Pare and core apples; cover them with water, but put them as close as possible, that they may take but little: add a little pounded cinnamon and a clove; to every dozen apples two spoonfuls of rosewater, and a little lemonpeel finely shred. Sweeten and cool before you make it into puffs.
Pippin Tarts.
Pare thin two Seville or China oranges; boil the peel tender, and shred it fine. Pare and core twenty apples; put them in a stewpan, and as little water as possible; when half done, add half a pound of sugar, the orangepeel and juice: boil till pretty thick. When cold, put it in a shallow dish, or pattypans lined with paste, to turn out, and be eaten cold.
Apple Marmalade.
Scald apples till they will pulp from the core; then take an equal weight of sugar in large lumps, just dip them in water, and boiling it till it can be well skimmed, and is a thick syrup; put to it the pulp, and simmer it on a quick fire a quarter of an hour.

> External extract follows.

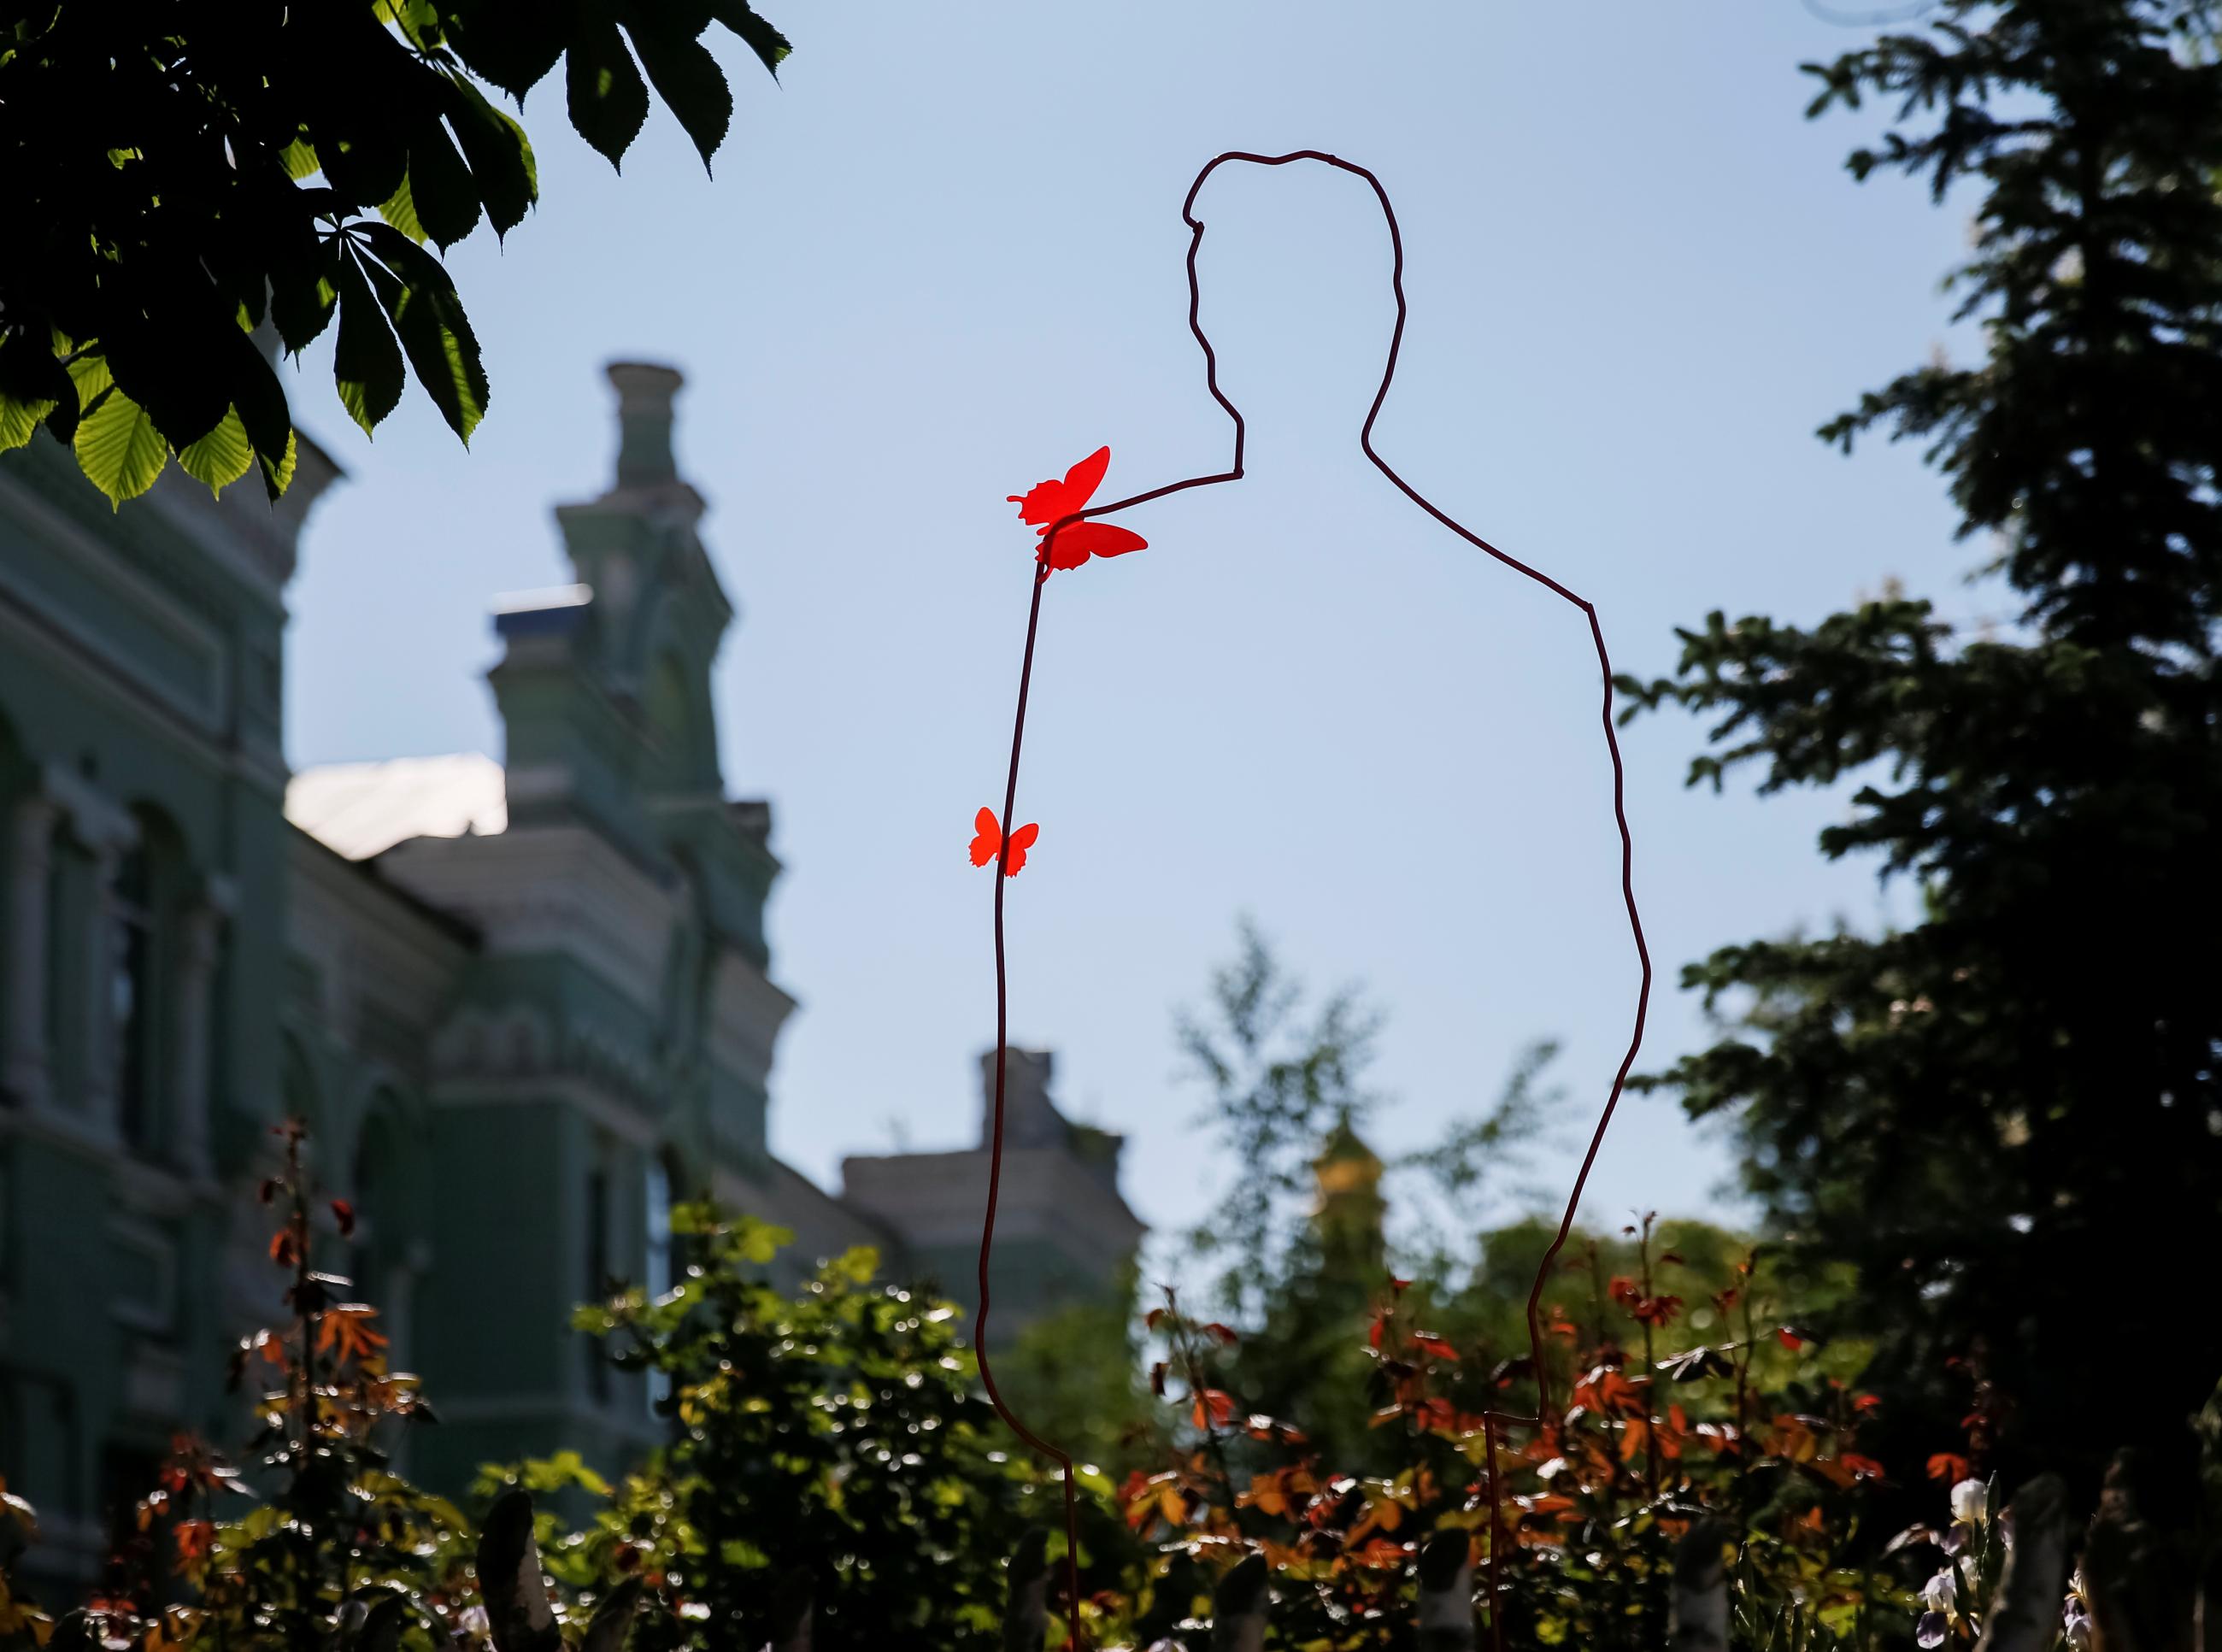 A metal silhouette symbolizing a victim of AIDS is seen during a ceremony near a monument in memory of AIDS victims as part of the commemoration of International AIDS Memorial Day in Kyiv, Ukraine, on May 19, 2017.

Keep it in small pots, covered with paper dipped in brandy.
Codlins to scald.
Wrap each in a vine leaf, and pack them close in a nice saucepan; and, when full, pour as much water as will cover them. Set it over a gentle fire, and let them simmer slowly till done enough to take the thin skin off when cold. Place them in a dish, with or without milk, cream, or custard; if the latter, there should be no ratafia. Dust fine sugar over the apples.
Different ways of dressing Cranberries.
For pies and puddings, with a good deal of sugar.